Back up to the table of contents Engulfing Islands

One challenge I had to deal with is cases where a bubble runs into an obstacle that it wraps completely around as it grows. Eventually, the two sides of the bubble will meet on the other side. This seems like it should present no problem at first, but as the bubble continues to grow, one can end up with a large bubble that has a long seam running from its outside to some part deep inside. This would almost certainly get in the way of trying to do pattern matching, especially if there are many such seams.

Assuming one would want to get rid of the seam that results from this engulfing of an island of obstacle pixels, there's the practical question of how to do it.
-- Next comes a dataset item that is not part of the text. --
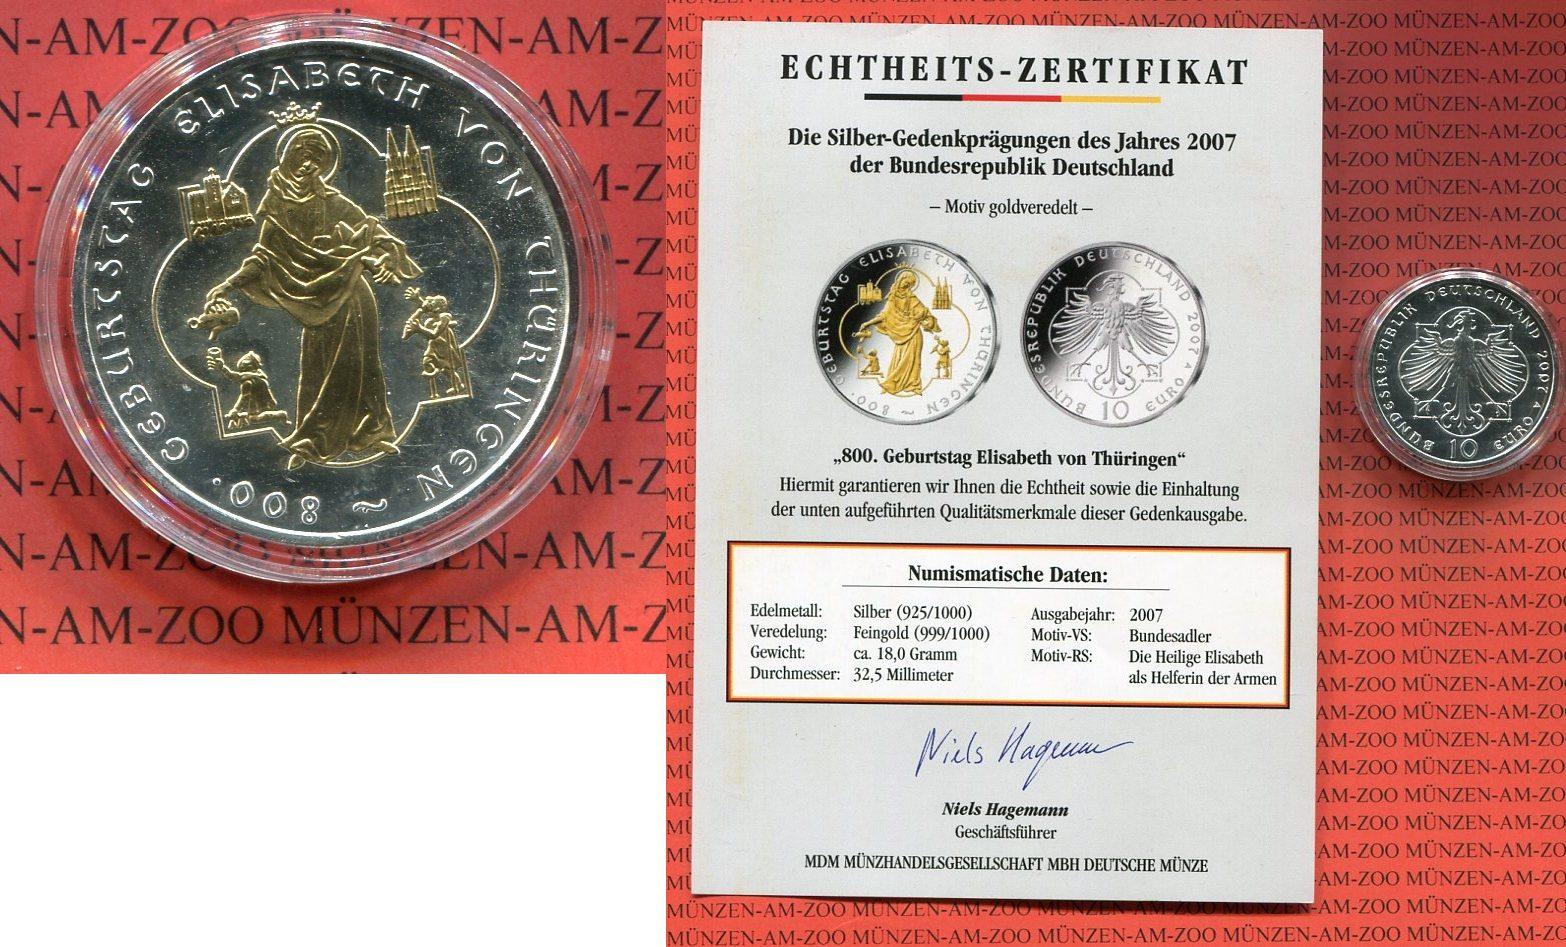 10 Euro Silbermünze Mit Goldapplikation 2007 Bundesrepublik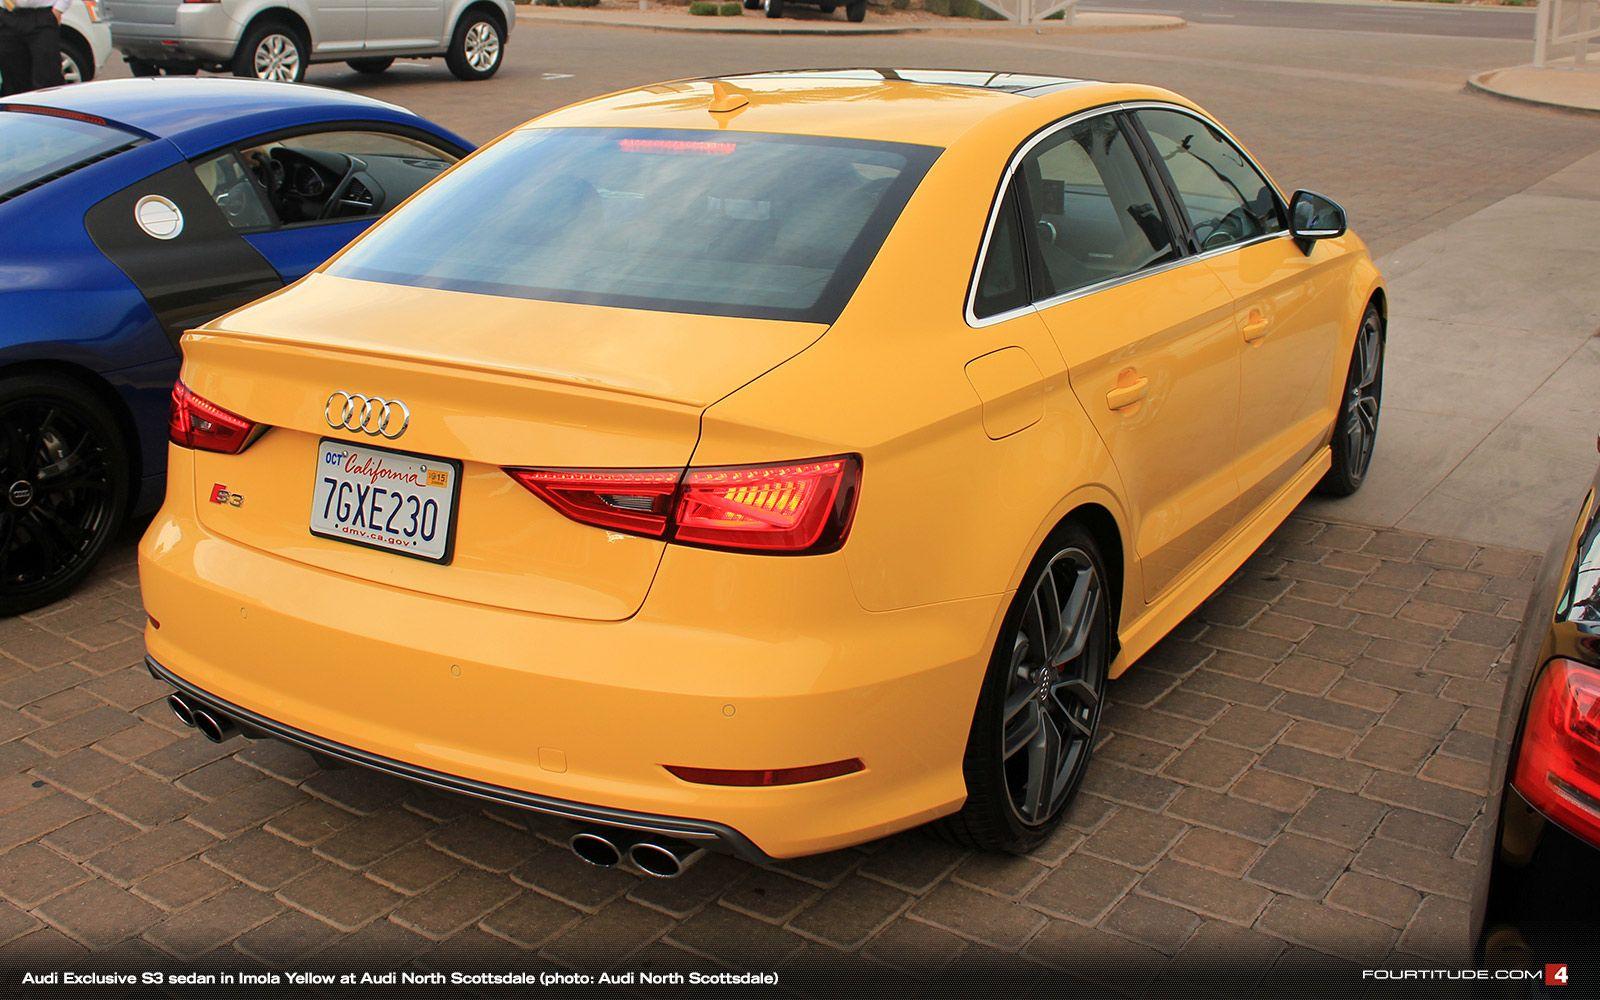 Audi Exclusive Imola Yellow S3 Sedan Photo Brian

Figure 6 below illustrates an island that's just been engulfed by a bubble:

Figure 6: Engulfing an island
Figure 6: Engulfing an island

When I first wrote the code I used to test the bubble concept, I envisioned that the bubble would break itself in two. I figured out some simple algorithms for determining when the conditions were right for doing so. Figure 7 shows some example cases. The left-most before and after illustration shows the shadow of the larger bubble to help orient you to the important parts. Imagine each of the other four illustrations have the same sort of relationship to their parent bubbles, left out to keep the image size manageable.

Figure 7: Breaking away
Figure 7: Breaking away

In each case in figure 7, the node under consideration has another node that is part of its own bubble but is not its next or previous neighbor touching; i.e., exactly one pixel away from it. The light purple blocks represent those touching parts. But because one requirement of a bubble is that its loop nodes are all exactly one pixel unit away from their next and previous neighbors, I made it a rule that the candidate node's next and previous neighbors to be adjacent to its opposite's previous and next neighbors. The idea is that we would then delete the current node and its opposite and join the open ends of the two sub-loops together to then form two separate loops. In figure 7, you may note the light grey arrows indicating the original connections from node to node in each part. They go away when the light purple blocks go away. The bright red arrows indicate the new links created across the two parts of the loop to seal up the two open wounds and form two new loops.

I said the original goal was to break off a new, independent, inner loop. I came to realize that this was not as straightforward as it sounds and so decided instead to simply delete the inner loop. Looking back, I know I no longer need to have three nodes in a row touching three opposing nodes. That would increase the chance of a proper break-away because I'd only need to find two touching nodes and just delete all "inside" nodes.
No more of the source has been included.